We see that using the :func:`~sklearn.feature_extraction.text.CountVectorizer`
implementation is approximately twice as fast as using the
:func:`~sklearn.feature_extraction.DictVectorizer` along with the simple
function we defined for mapping the tokens. The reason is that
:func:`~sklearn.feature_extraction.text.CountVectorizer` is optimized by
reusing a compiled regular expression for the full training set instead of
creating one per document as done in our naive tokenize function.

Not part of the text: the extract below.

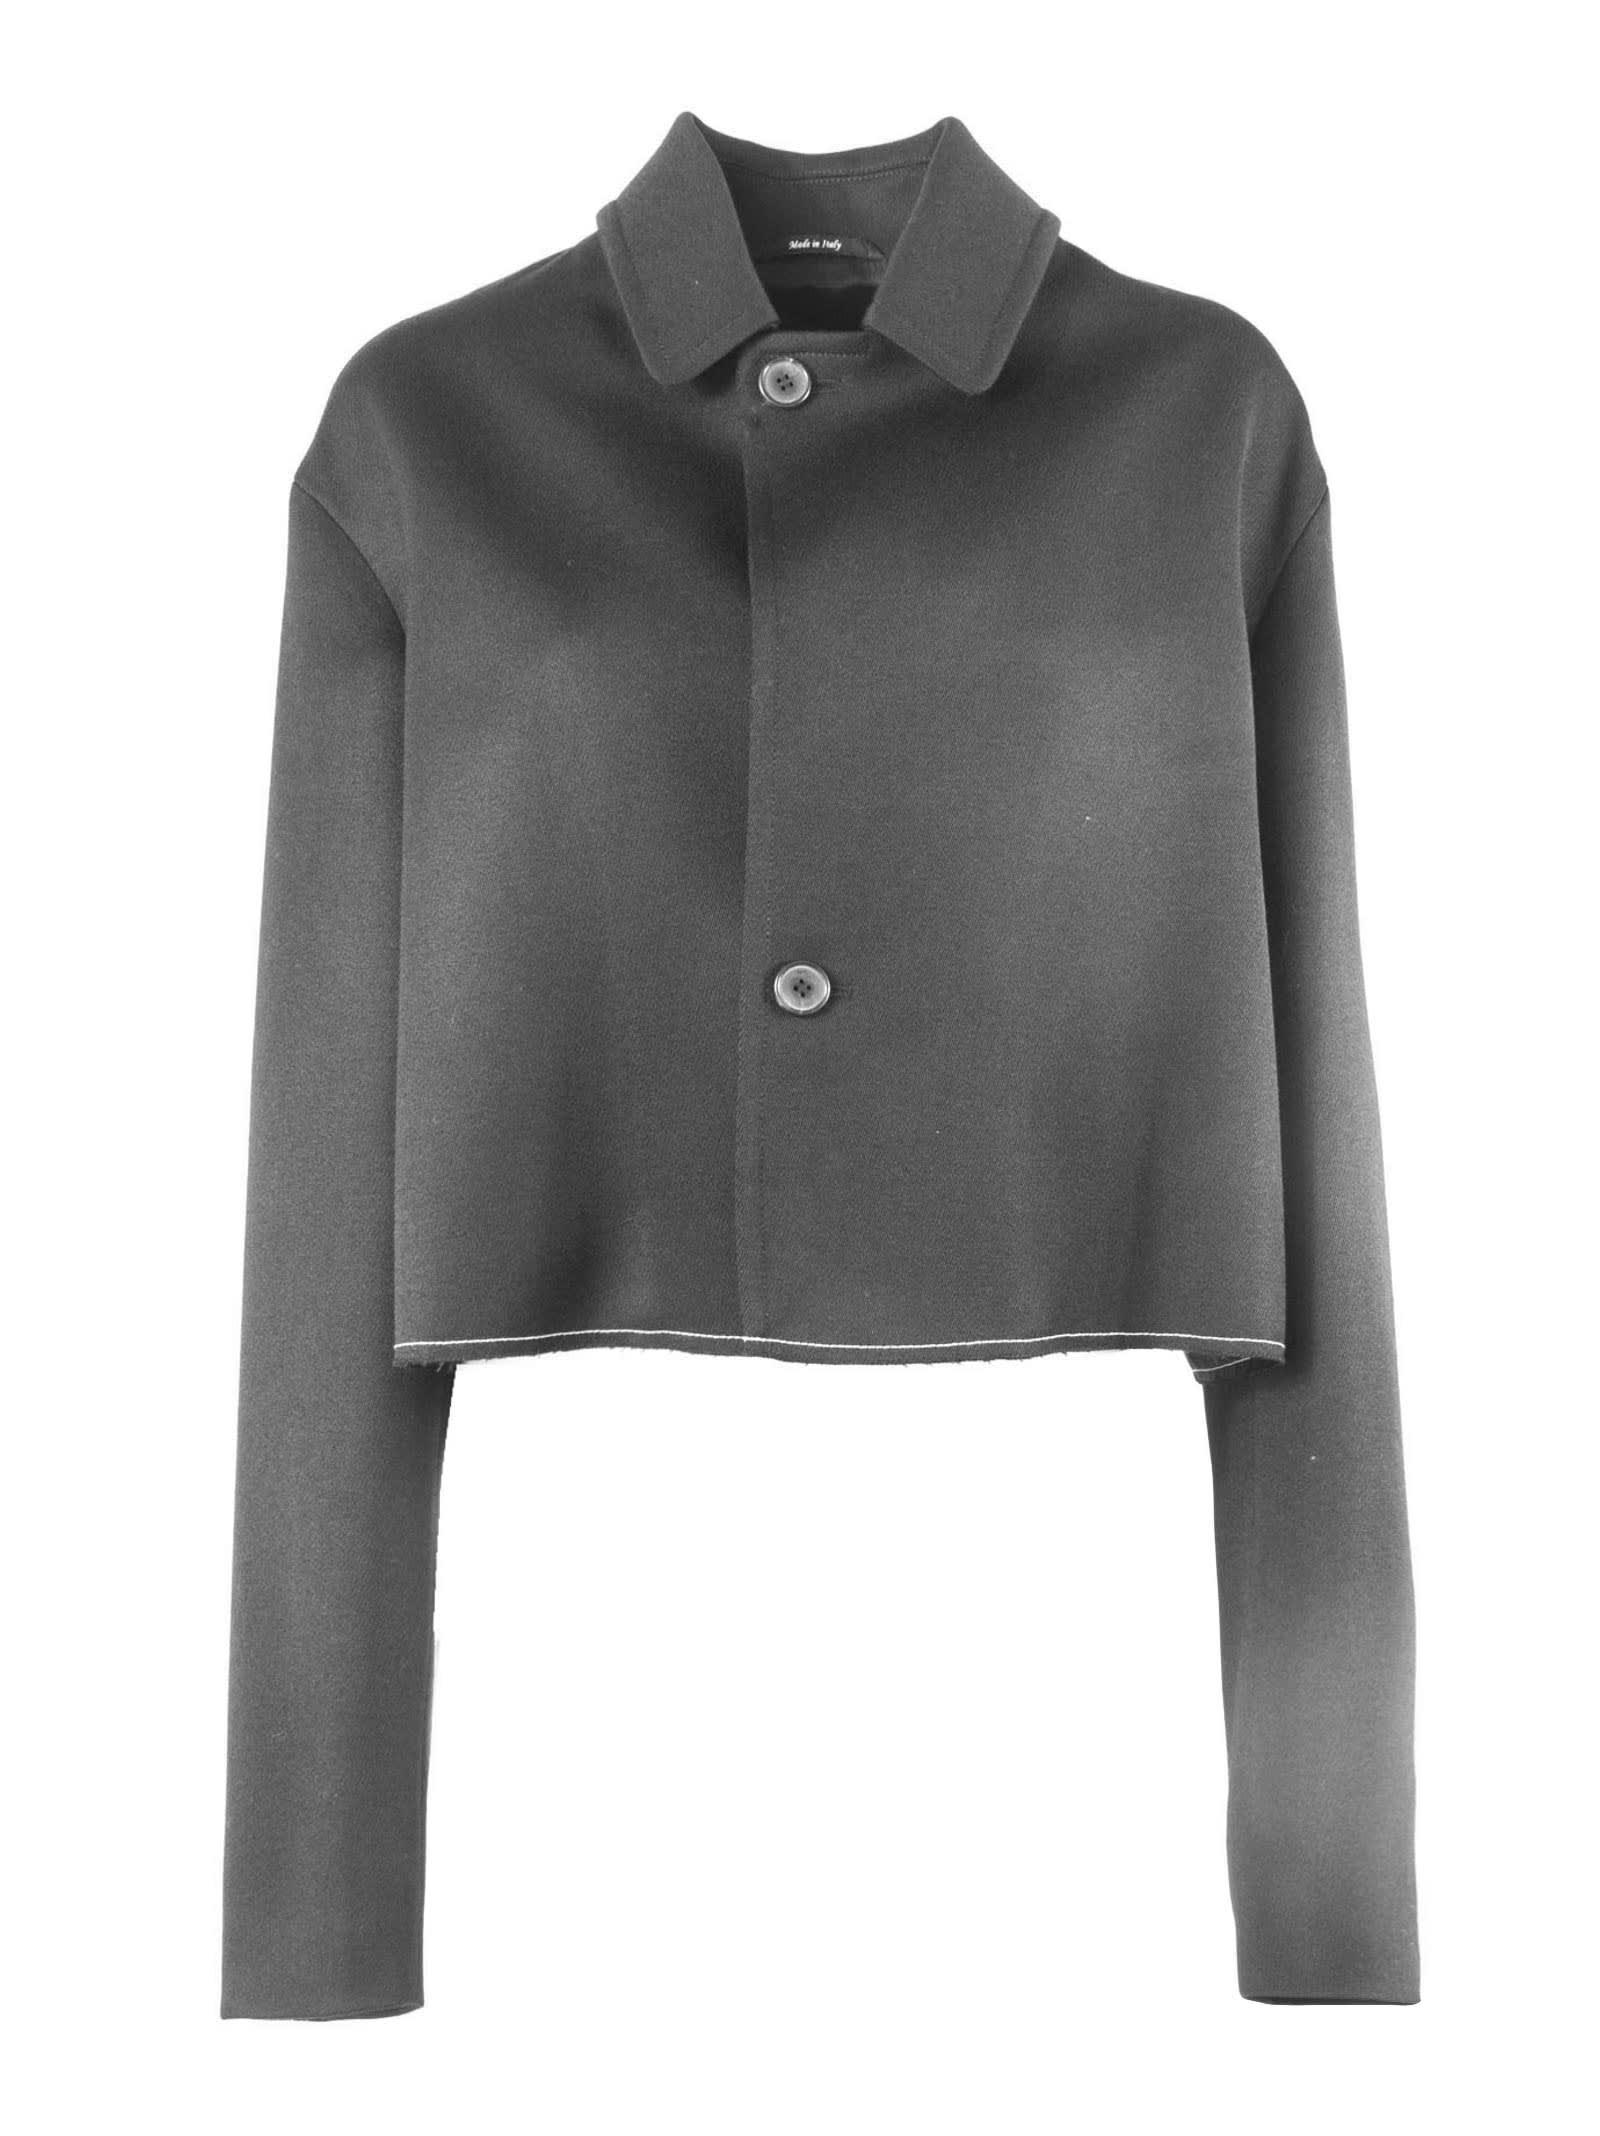 Maison Margiela Black Wool Cropped Jacket

Now we make a similar experiment with the
:func:`~sklearn.feature_extraction.text.HashingVectorizer`, which is
equivalent to combining the "hashing trick" implemented by the
:func:`~sklearn.feature_extraction.FeatureHasher` class and the text
preprocessing and tokenization of the
:func:`~sklearn.feature_extraction.text.CountVectorizer`.

.. GENERATED FROM PYTHON SOURCE LINES 304-315

.. code-block:: Python


    from sklearn.feature_extraction.text import HashingVectorizer

    t0 = time()
    vectorizer = HashingVectorizer(n_features=2**18)
    vectorizer.fit_transform(raw_data)
    duration = time() - t0
    dict_count_vectorizers["vectorizer"].append(vectorizer.__class__.__name__)
    dict_count_vectorizers["speed"].append(data_size_mb / duration)
    print(f"done in {duration:.3f} s at {data_size_mb / duration:.1f} MB/s")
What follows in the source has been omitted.